═══ EXTRACTED MATERIAL ═══
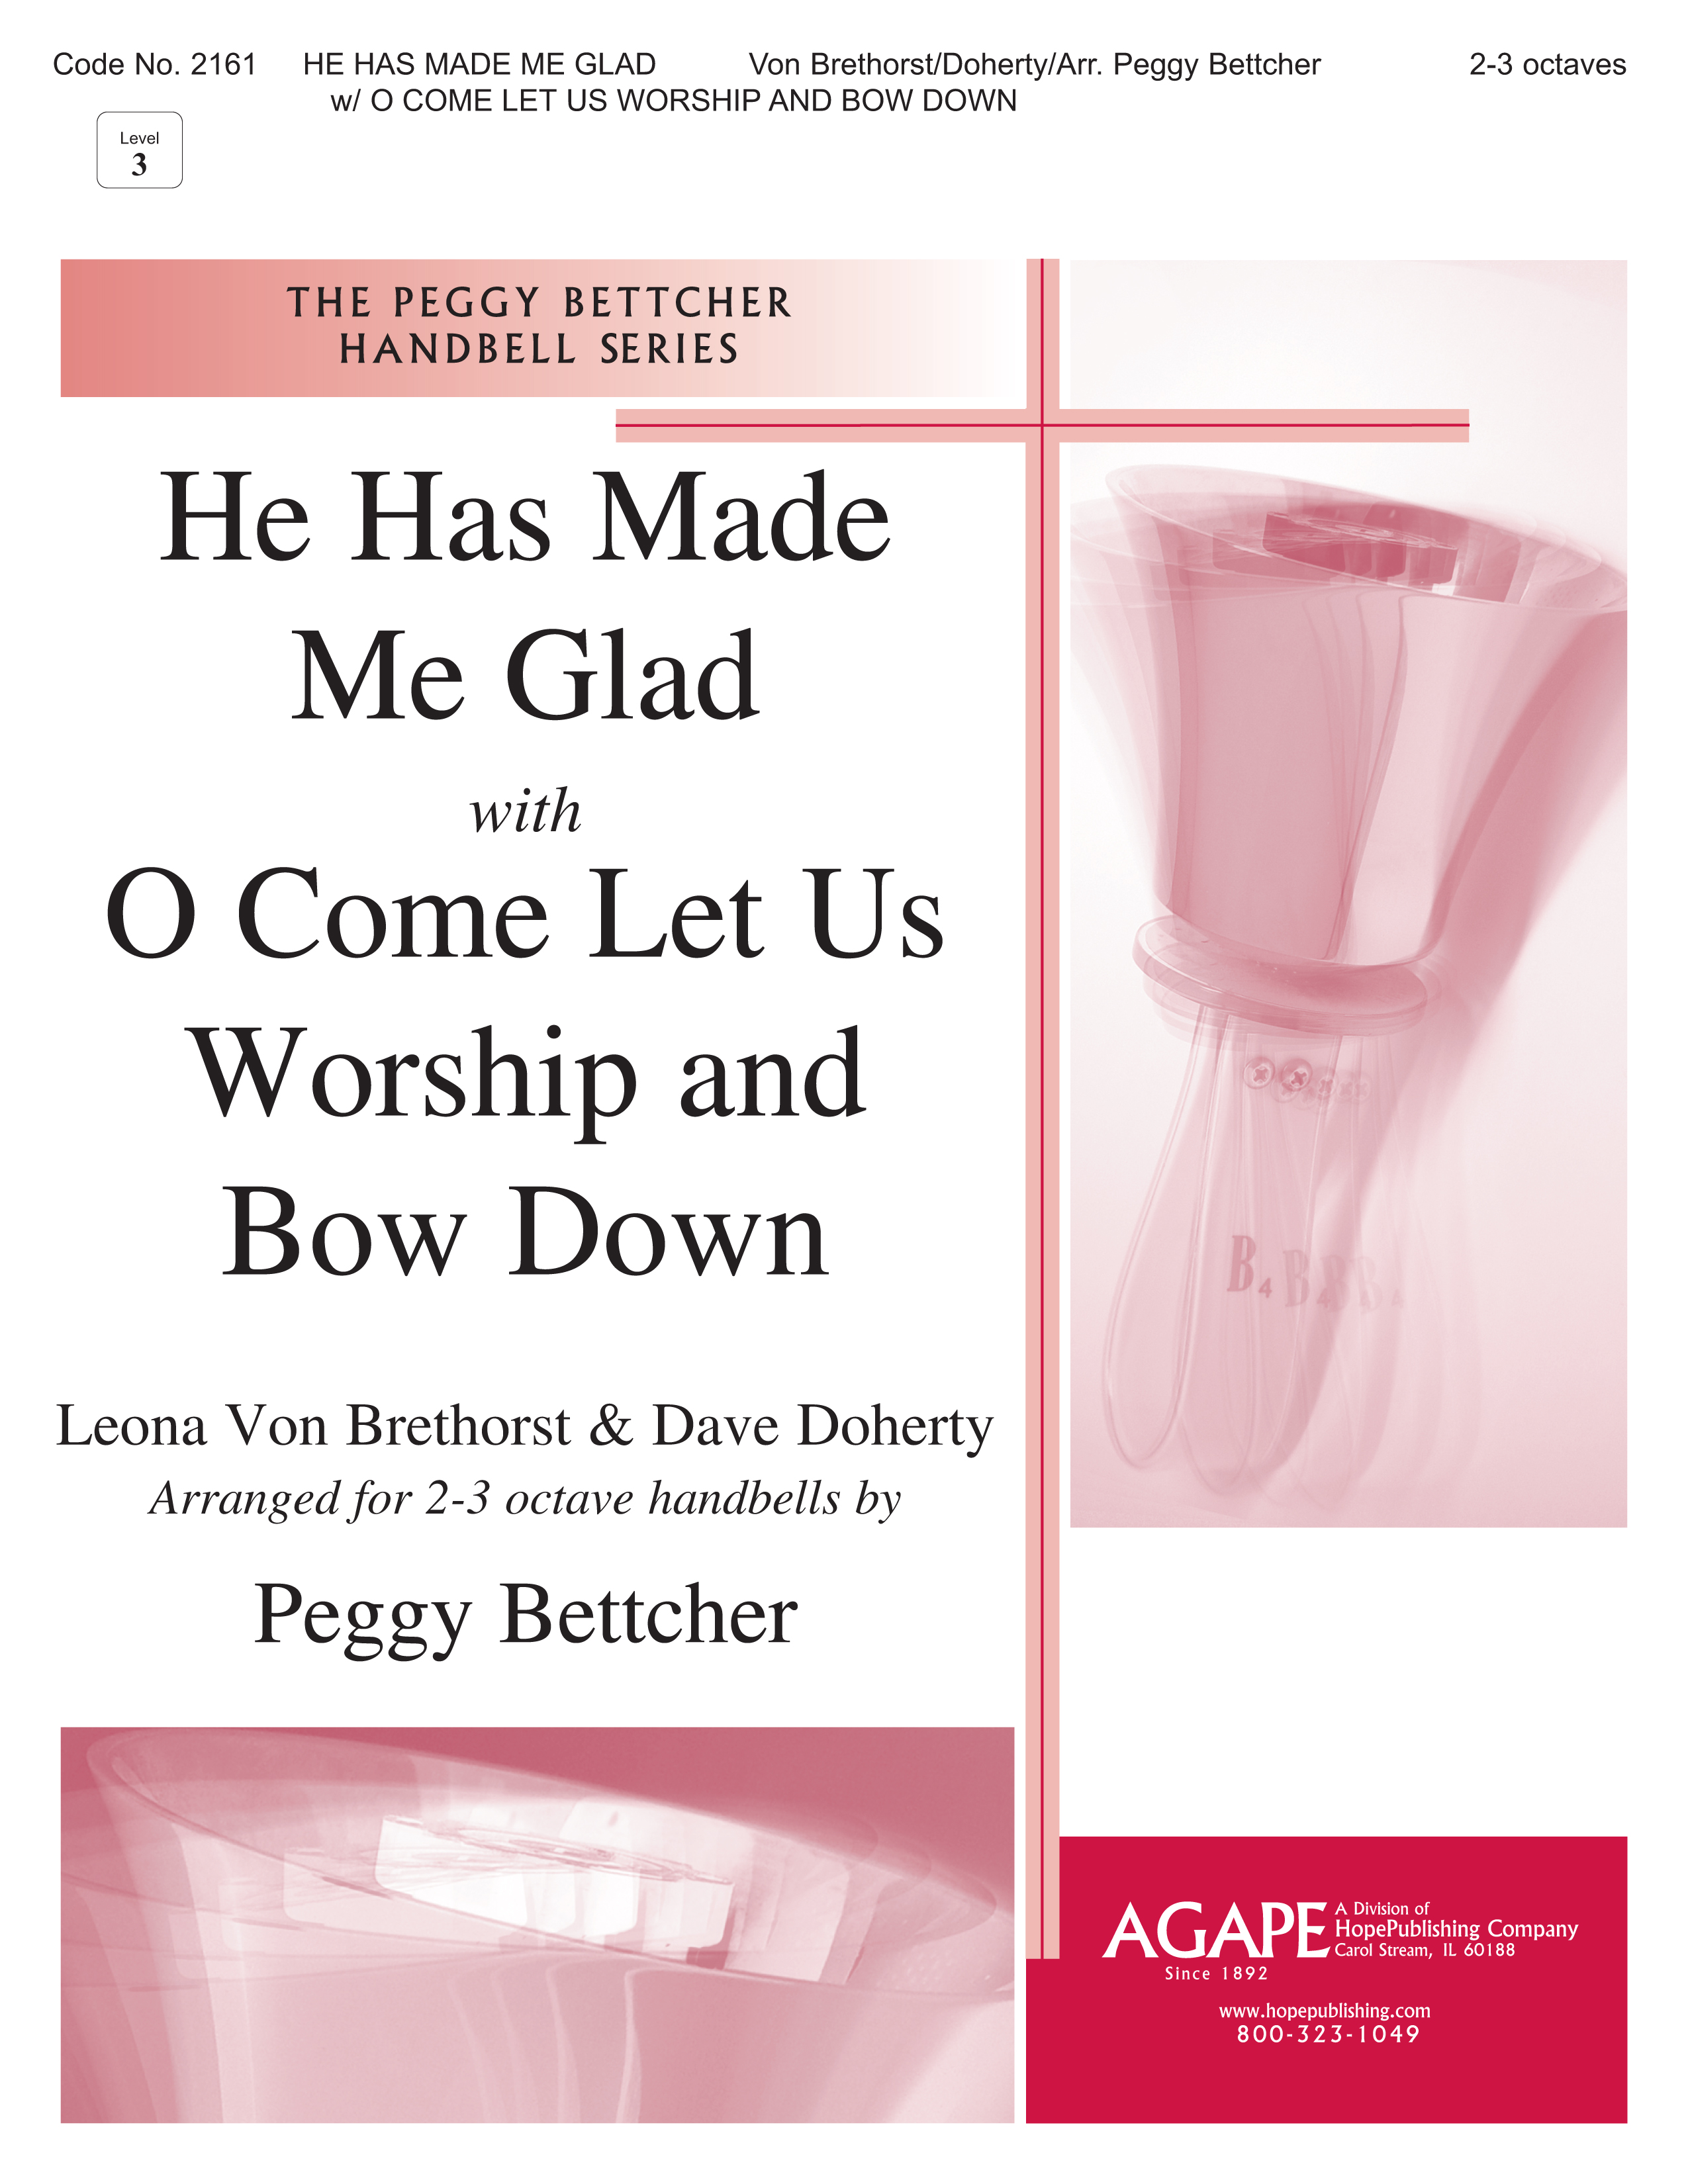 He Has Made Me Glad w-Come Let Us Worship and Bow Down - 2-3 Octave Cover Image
═══
═══ EXTRACTED MATERIAL ═══
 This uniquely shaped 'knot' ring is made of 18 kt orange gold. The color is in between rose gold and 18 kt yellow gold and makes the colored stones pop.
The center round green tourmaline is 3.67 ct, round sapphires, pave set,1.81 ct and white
═══
With the line that has "This uniquely shaped" as the first and the line that has "The center round" as the last, repeat exactly that run of lines above and no more.

 This uniquely shaped 'knot' ring is made of 18 kt orange gold. The color is in between rose gold and 18 kt yellow gold and makes the colored stones pop.
The center round green tourmaline is 3.67 ct, round sapphires, pave set,1.81 ct and white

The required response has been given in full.